Converting a text description of our automation workflow into something actually production-ready—what's realistic?

I’ve been reading about AI Copilot features on automation platforms, and the pitch sounds almost too good to be true. Describe your workflow in plain English, and the system generates it for you. No diagram clicking, no flow logic to build.

We’re evaluating moving from n8n self-hosted to something with better AI support, partly because our team keeps getting blocked waiting for engineering to build custom workflows. Our business users keep submitting automation requests that take weeks to build out because they have to go back and forth with engineers on the detailed spec.
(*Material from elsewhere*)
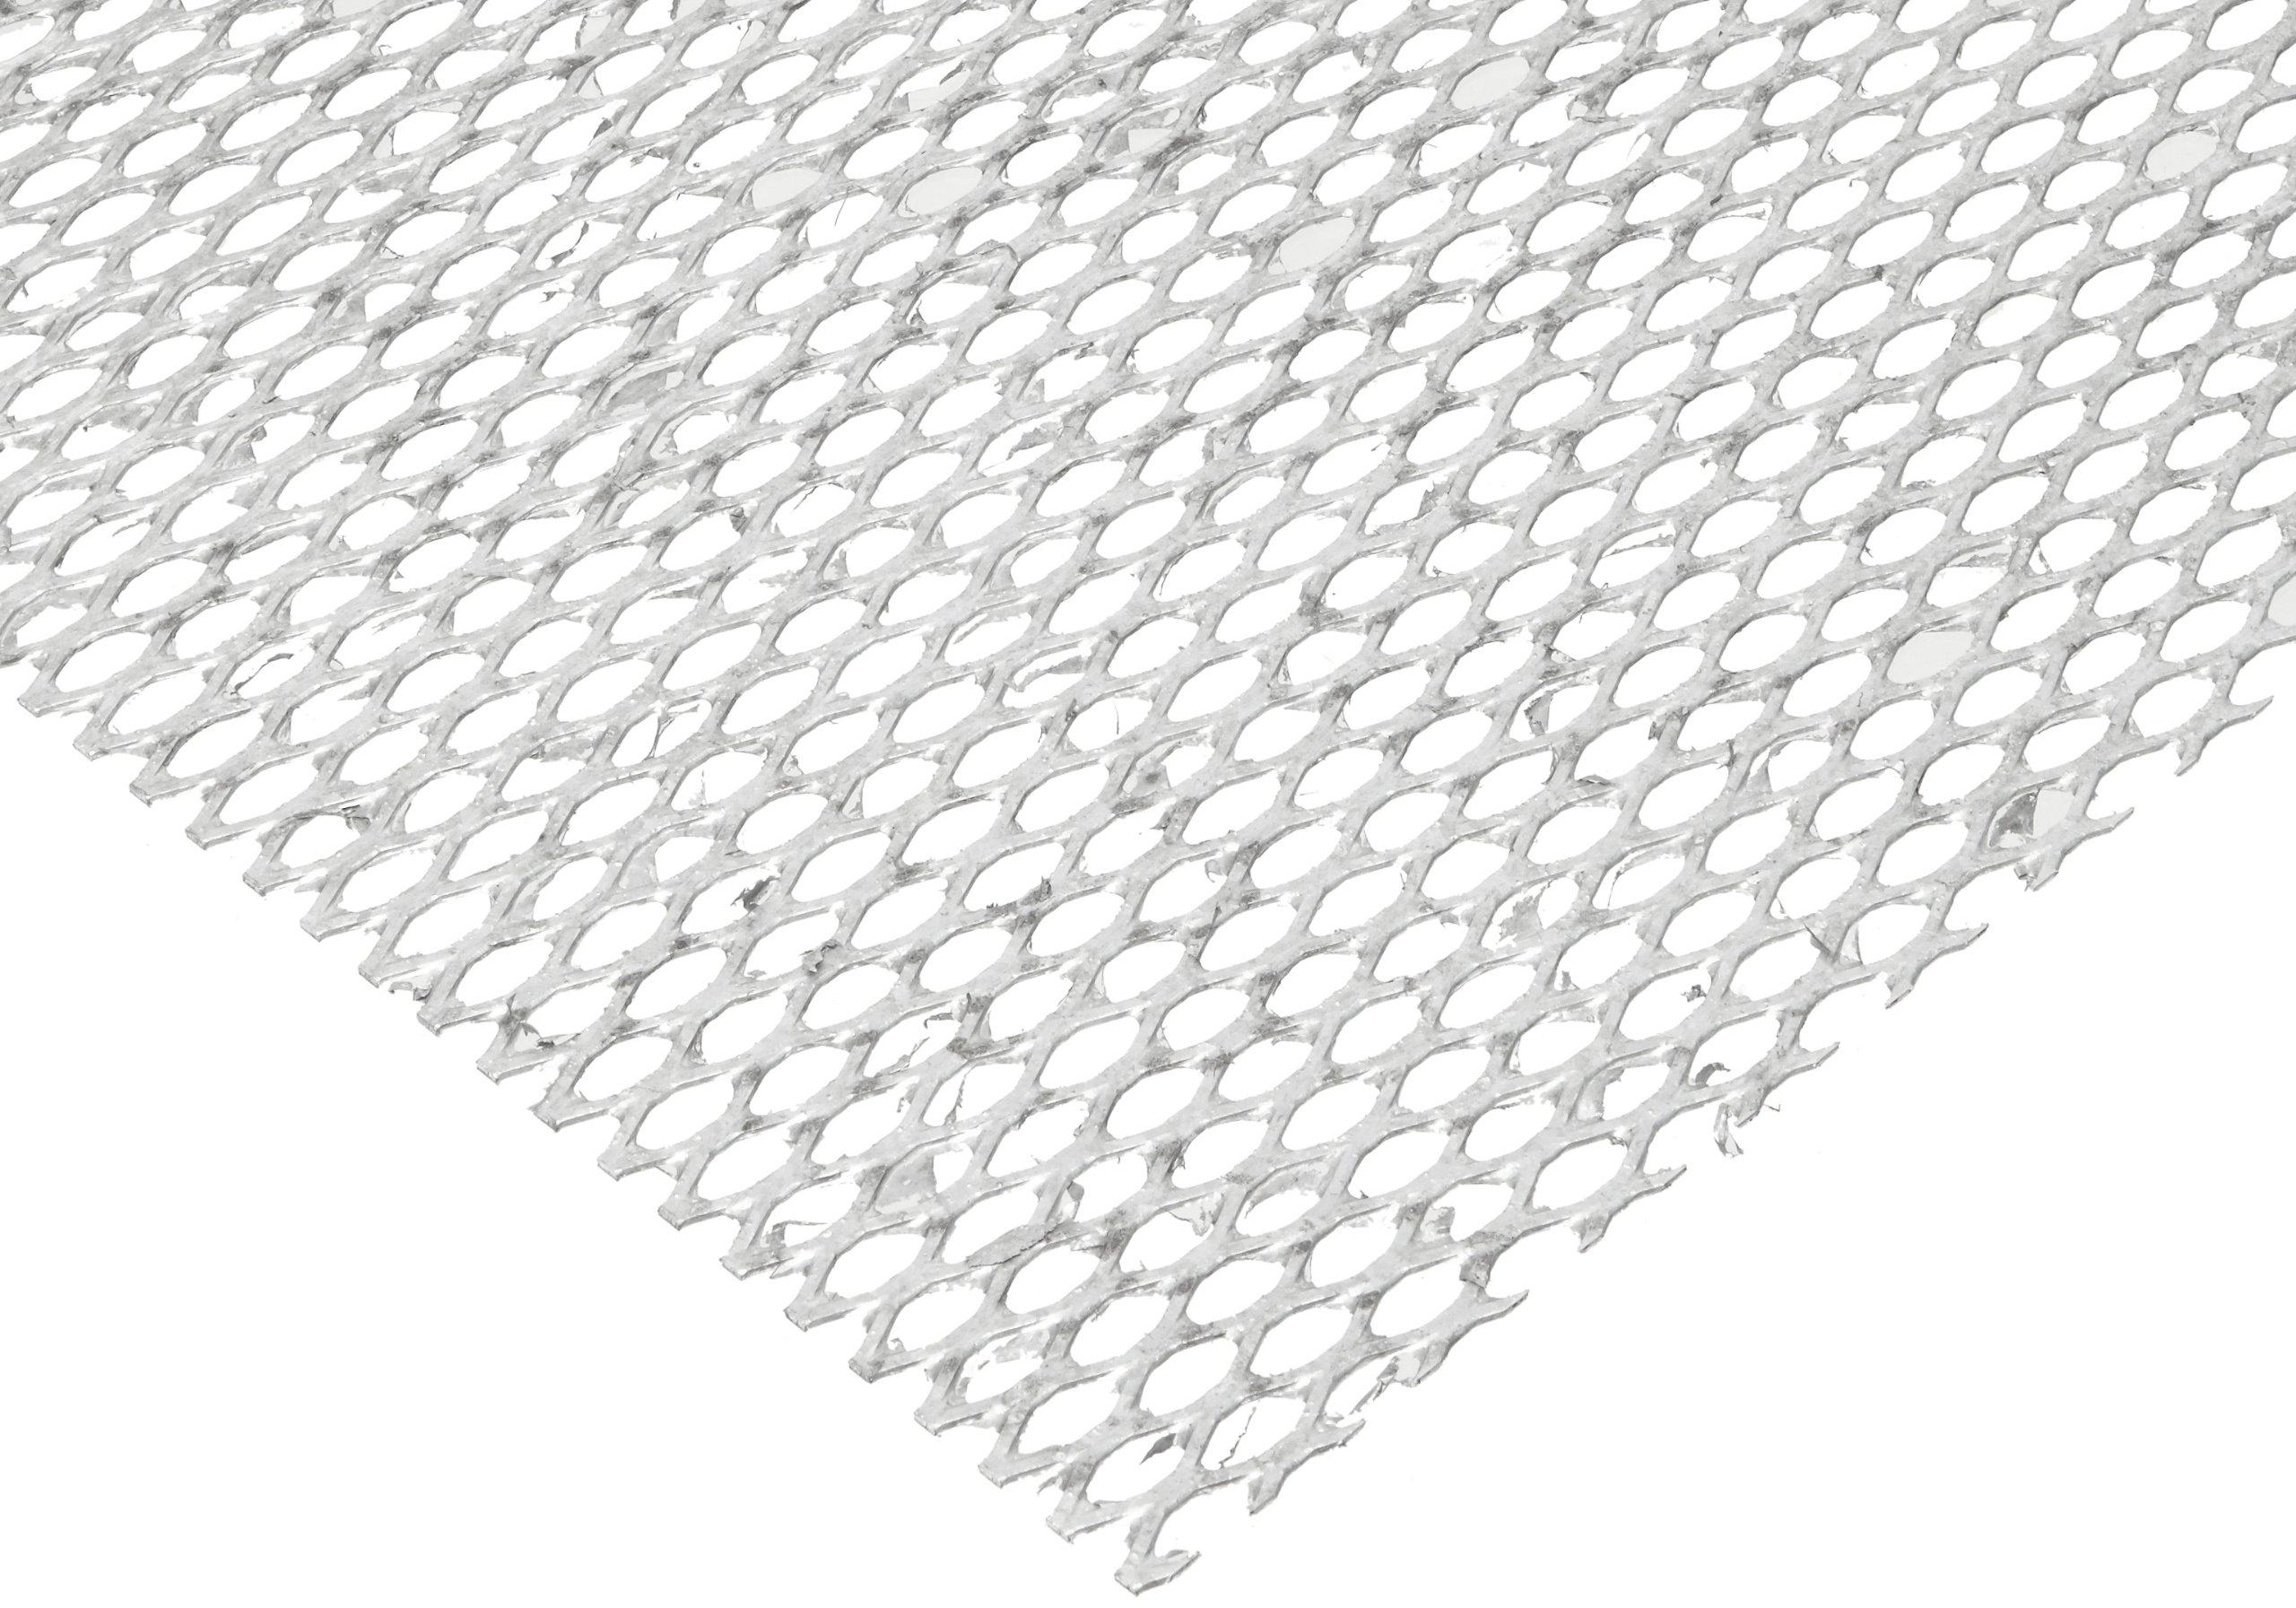 Steel Flat Expanded Sheet, Zinc Galvanized Finish, 48'' Width, 48'' Length, 0.50'' SWD x 1.25'' LWD Opening, 16 Gauge

The promise of describing something like “when we get a new customer lead, extract the data from the form, validate it against our CRM, send a personalized email, and flag it for follow-up in Slack” and having that actually work seems like it could cut our build time significantly.

But I’m skeptical. The examples I’ve seen in marketing materials are always simple things. What I want to know is what actually breaks when you move from generated workflow to production. Do you need engineering to rewrite most of it? How much of what the AI generates is actual working code versus scaffolding you still have to complete?

We’re trying to figure out if this is a real time-saver or if we’re just moving the work around instead of actually eliminating it.

Has anyone here actually used AI workflow generation at scale? What percentage of generated workflows shipped to production without substantial rework?